Gender is segmented within the tobacco industry. Brands like Misty?s, Virginia Slims, and Carlton are aimed at the female population. Men have the Marlboro Man; women have slimmer and slender cigarettes. The tobacco industry has been trying to also segment ethnicity, but has failed in the past. One example is the brand Uptown, distributed by RJ Reynolds, which was aimed at African Americans. Many critics felt that the tobacco industry, as well as RJR, were exploiting and encouraging minorities to smoke. Virginia Slims is currently running ads that target many cultures by showing their brand as a cigarette to be smoked by all women worldwide.

Flavored cigarettes are becoming an industry favorite. Menthol cigarettes used to be the only choice available for a different taste. In today?s market, there are many alternatives to menthol and regular cigarettes popping up around the industry.

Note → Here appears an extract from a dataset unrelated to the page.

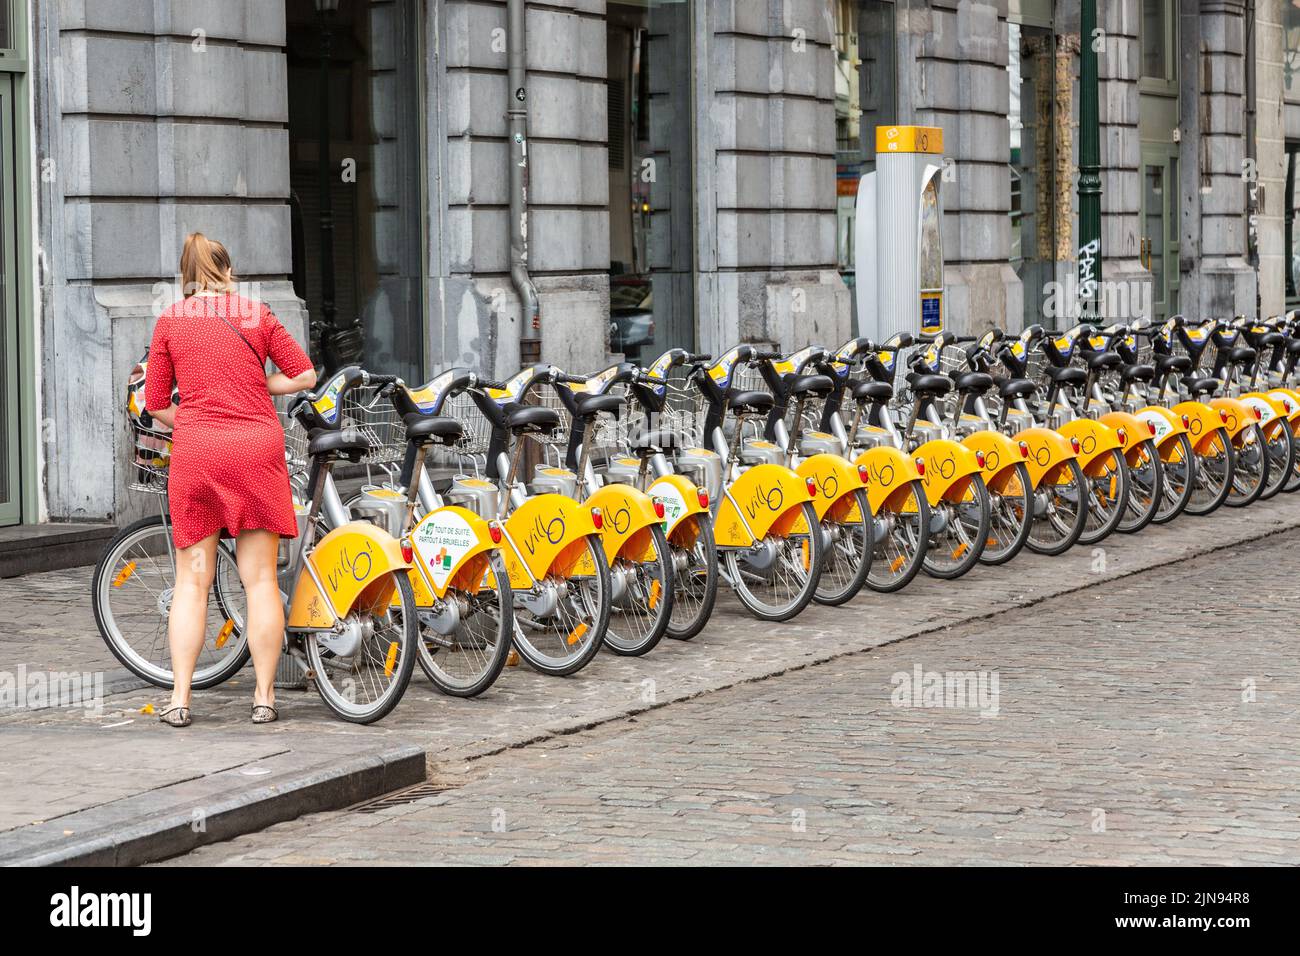 Señora vestida de rojo tomando posesión de una bicicleta compartida en una calle de Bruselas Foto de stock

Camel is currently marketing new citrus and vanilla flavored cigarettes. These cigarettes come in regular, light, and ultra light varieties and offer a different perspective on smoking. Camel also is offering different blends of cigarettes that are made with Turkish and domestic tobaccos, all giving off a different taste.

Marlboro was the first brand to alter the appearance of the cigarette package by offering a flip-top box. The idea caught on quickly and now most cigarette packages do have the flip-top box. This little innovation made cigarettes less messy and easier to keep track of. Today, there are still soft and hard packages being offered to the smoking community. Each package comes wrapped in a cellophane seal to help protect the box, but can be removed for immediate use. Cigarette box designs have not really changed much since the 1950s, but there is room for improvement.